For reporting events driver registers to the RAS framework
specifically:
Memory errors are reported through the Memory Controller (MC) events.
Non-memory errors are reported using non-standard RAS events.

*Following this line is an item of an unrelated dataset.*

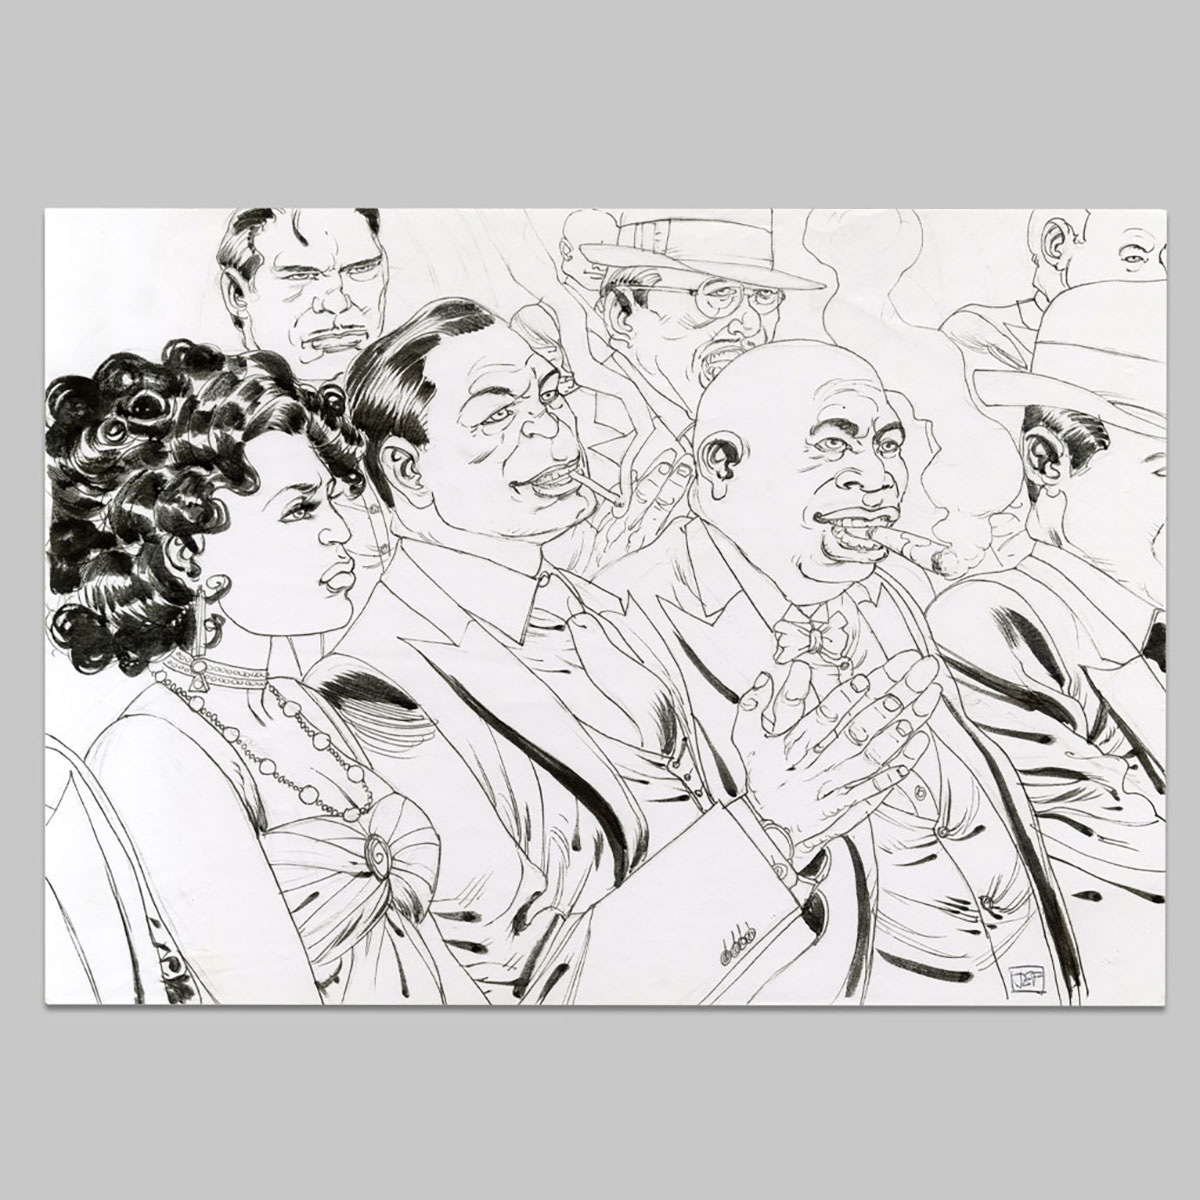 Original drawing Balles perdues, Esler, Lena and Eddie at the boxing match

Signed-off-by: Shubhrajyoti Datta <shubhrajyoti.datta@amd.com>
---
Changes in v7:
- Update the header paths
- merge edac_cdx_pcol.h
Changes in v6:
- Update to xlnx,versal-net-ddrmc5
- Update the kconfig message
- Make the messages uniform
- Add some more supported events
- rename regval to reglo
- combine/ reformat functions
- remove trailing comments
- Remove unneeded comments
- make the amd_mcdi function void
- rename versalnet_rpmsg_edac to versalnet_edac
- Remove the column bit and use them directly
- Update the comments
- Update the mod_name to versalnet_edac
- remove the global priv col and rows
- rename edac_priv to mc_priv
- Update the comment description for dwidth
- Remove error_id enum
- rename the variable par to parity
- make get_ddr_config void
- Fix memory leak of the mcdi structure
- Update the spelling
- Remove the workqueue
Changes in v5:
- Update the compatible
- Update the handle_error documentation
Changes in v4:
- Update the compatible
Changes in v3:
- make remove void
Changes in v2:
- remove reset
- Add the remote proc requests
- remove probe_once
- reorder the rpmsg registration
- the data width , rank and number of channel is read from message.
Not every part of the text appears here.